[[ Information shown open ]]

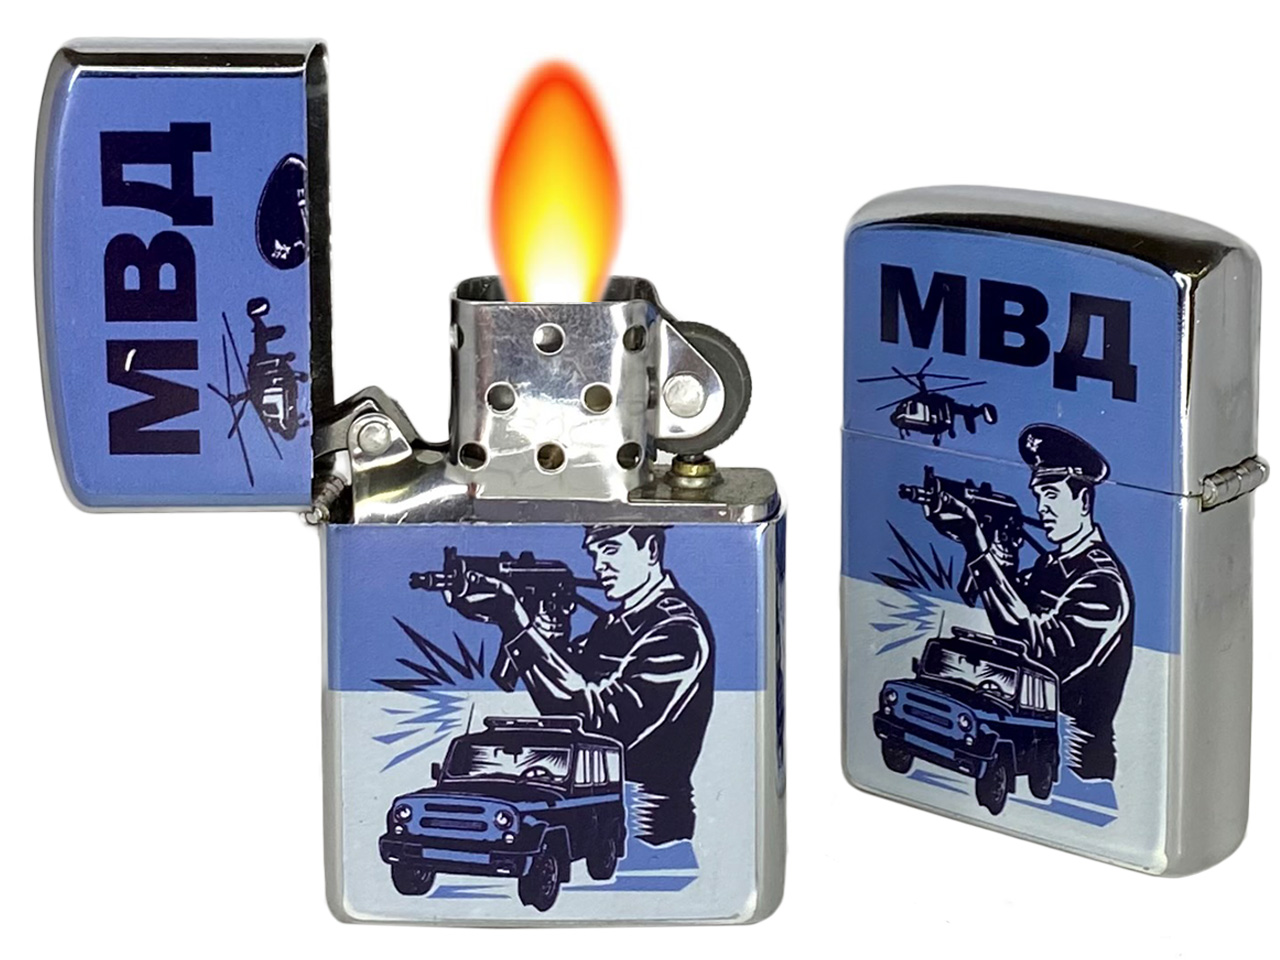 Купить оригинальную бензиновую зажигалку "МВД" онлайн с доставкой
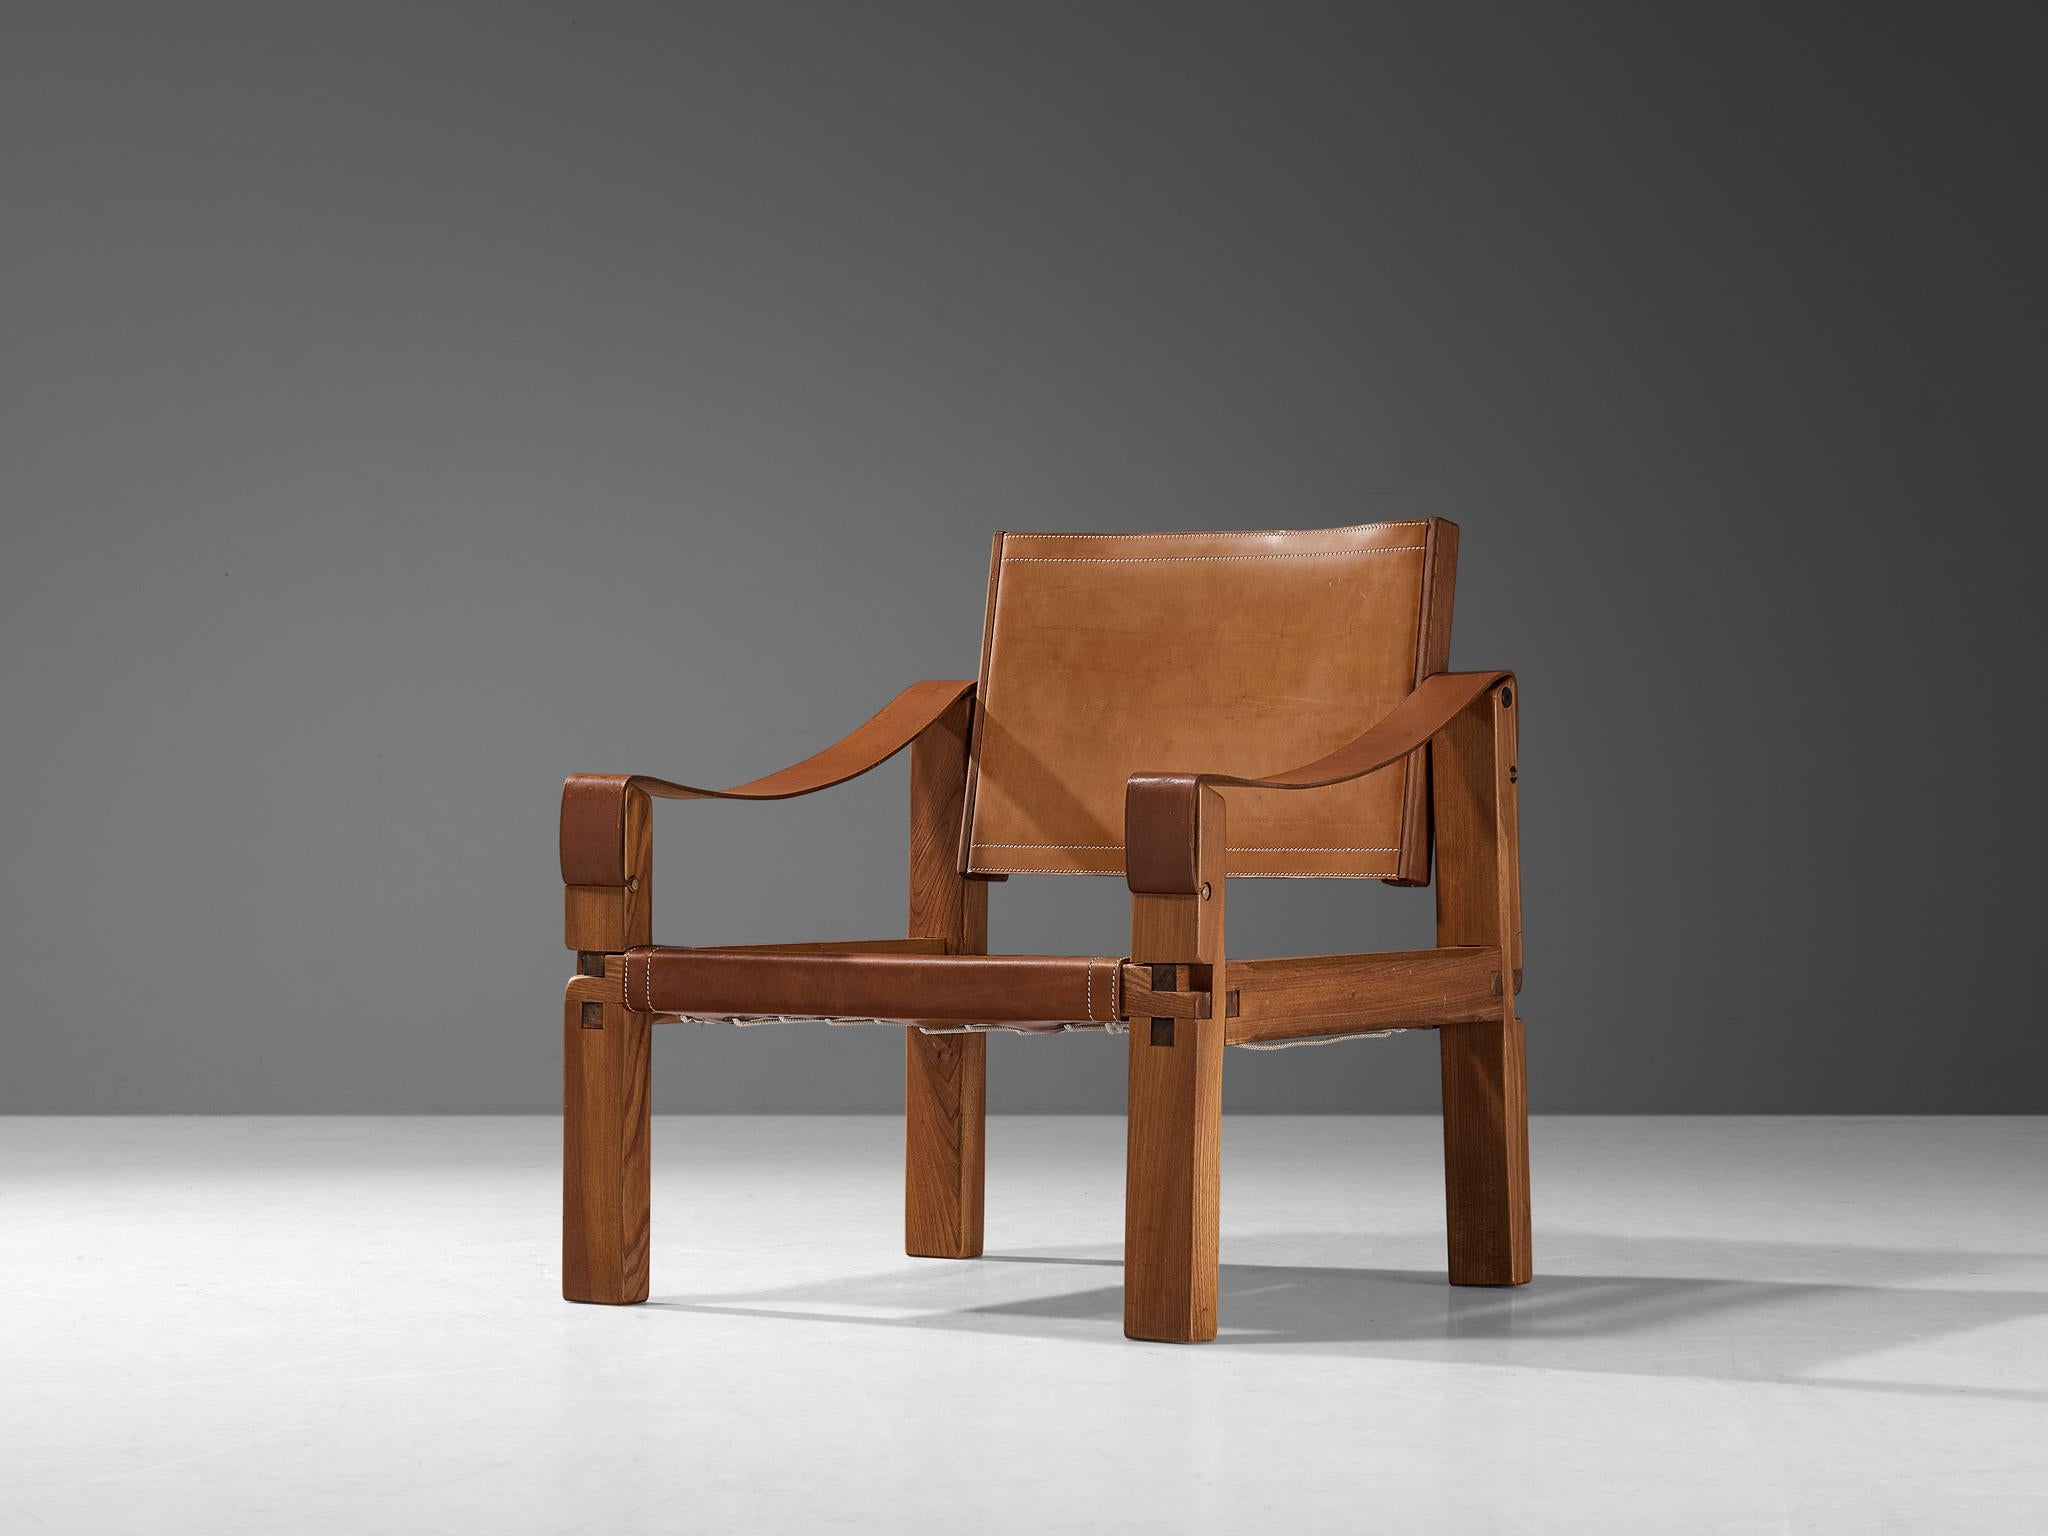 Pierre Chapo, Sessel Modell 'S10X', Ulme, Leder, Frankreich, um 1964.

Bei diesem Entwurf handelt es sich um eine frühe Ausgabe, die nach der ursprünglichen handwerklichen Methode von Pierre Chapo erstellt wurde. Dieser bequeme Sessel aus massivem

[[ Information shown closed ]]

▸ Problem description: Copy the data word for word. Pictures do not go in the copy.

▸ Response to the task:
 Купить оригинальную бензиновую зажигалку "МВД" онлайн с доставкой
 Pierre Chapo, Sessel Modell 'S10X', Ulme, Leder, Frankreich, um 1964.

Bei diesem Entwurf handelt es sich um eine frühe Ausgabe, die nach der ursprünglichen handwerklichen Methode von Pierre Chapo erstellt wurde. Dieser bequeme Sessel aus massivem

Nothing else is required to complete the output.